NASA is targeting technosignatures in its renewed effort to detect alien civilizations.
Congress asked NASA to re-boot its search for other civilizations a few months ago. Their first step towards that goal is the NASA Technosignatures Workshop, held in Houston from September 26th to 28th, 2018.
If you've never stared out to space at night and wondered if there are other civilizations out there, well…that's difficult to understand.
One of humanity's most ancient and persistent longings is to know if there are others out there. Though it may seem like a long shot, the attempt is irresistible. And NASA's newest attempt involves technosignatures.
What are Technosignatures?
Technosignatures are simply evidence of technology. They're the effects or signature of technological use. The most obvious example might be radio waves, but some experts in technosignatures reject those, because the universe is riddled with radio waves produced by natural sources.
SETI was the original search for alien civilizations. But SETI was more or less a search for intentional radio signals sent by another civilization. This new search will be different in scope. Technosignatures are the unintentional signals that provide evidence for a technological civilization.
Technosignatures include laser emissions, indications of massive megastructures like Dyson Spheres, or, sadly, highly-polluted atmospheres.
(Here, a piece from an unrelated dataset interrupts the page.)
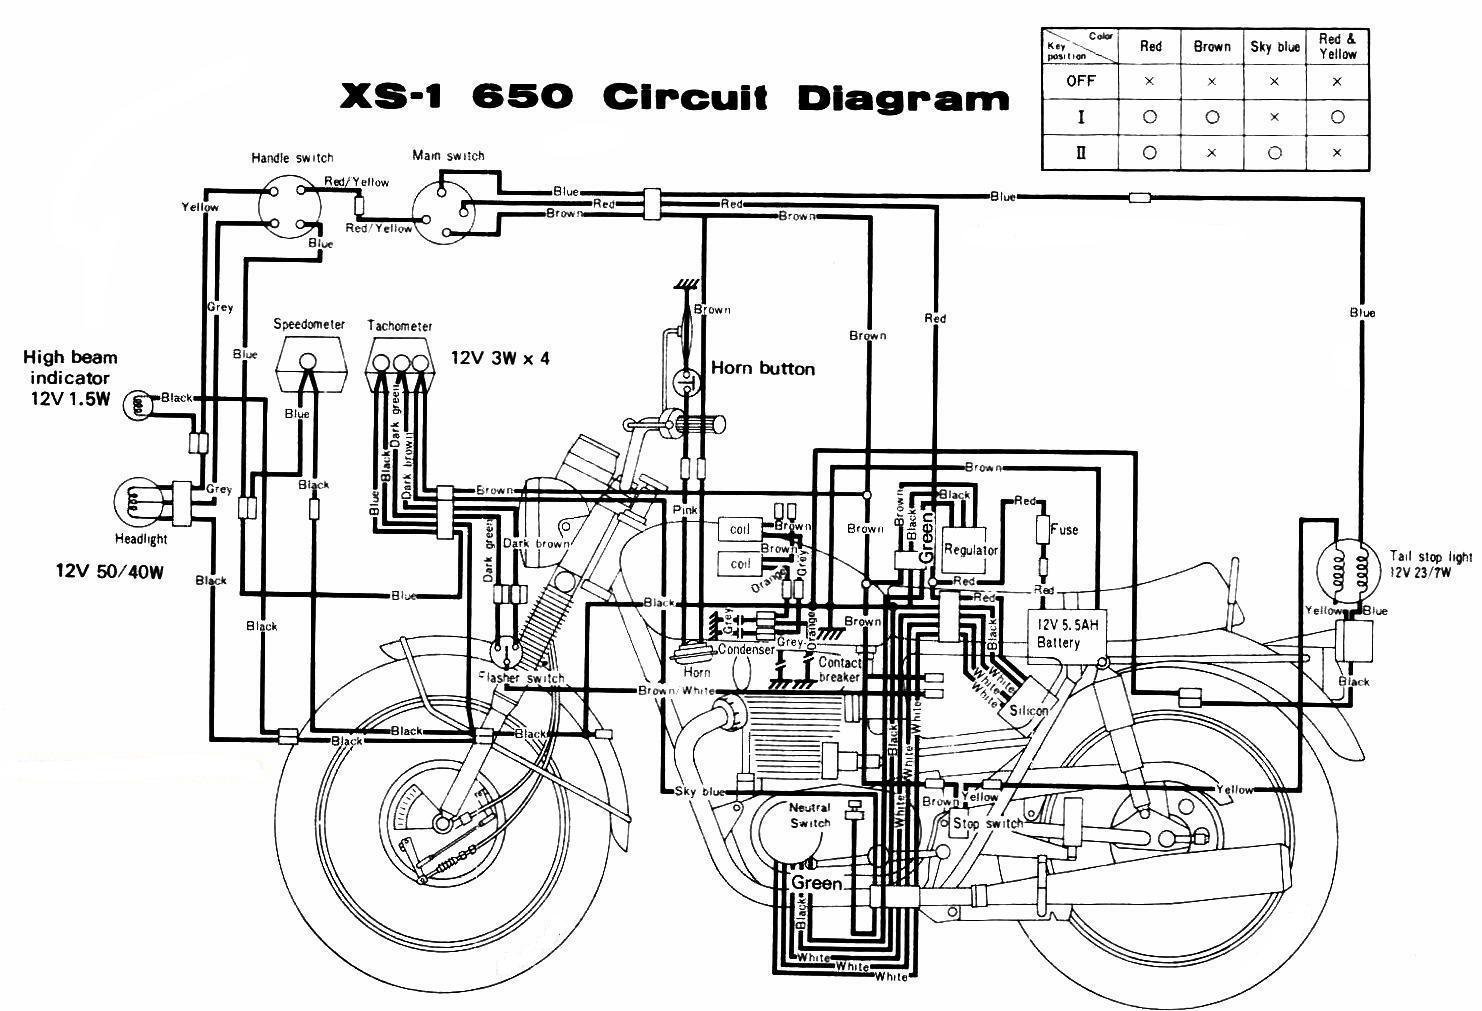 Surprising Honda Motorcycle Wiring Diagrams Basic Electronics Wiring Diagram Wiring Cloud Cranvenetmohammedshrineorg

At the Technosignatures Workshop, they also talked about detecting megacities on other planets through their heat signature, and detecting satellites orbiting other planets.
But in each of these cases, any technosignatures would likely not jump right out at us. It will require some advanced sleuthing techniques to determine if what searchers are detecting are in fact technosignatures.
That's why NASA held the workshop. Presenters outlined the current state of the field in detecting technosignatures, what the most promising avenues of research are, and what investments can advance the science of technosignature detection.
A major stated goal of the workshop is to understand how NASA can support the whole field through partnerships with both private and philanthropic partners.
There's precedent for partnerships in the search for the detection of technosignatures. The SETI effort was a NASA program up until 1993 when Congress reigned it in. Since then, other organizations and wealthy people like Paul Allen, co-founder of Microsoft, have kept SETI going.
But now NASA is back in the game, and their Technosignatures Workshop is their first step in a renewed effort to detect other civilizations.
This new effort comes on the heels of major discoveries in the past few years. For a long time we didn't know if other stars had planets in their orbits, or if our Solar System was unique. But the Kepler mission changed all that.
Kepler has discovered over 2,600 exoplanets and is still going. And Kepler has only searched a tiny portion of the sky.
With that data in hand, there's no reason to think that exoplanets aren't plentiful throughout the galaxy and the universe. Congress must have realized that, and decided to urge NASA to search some of the newly-discovered exoplanets for evidence of civilizations.
Telescopes now in the design and construction phases will allow us to image exoplanets, to study their atmospheres, and potentially detect hot-spots on their surfaces.
We may even be able to use the transit method to detect any satellites orbiting another planet. Nobody knows what we'll find, but it's hard not to get a little excited.
There's a lot of work to be done. Scientists will have to decide the best way to proceed. But once they get going, it promises to be a very exciting endeavour.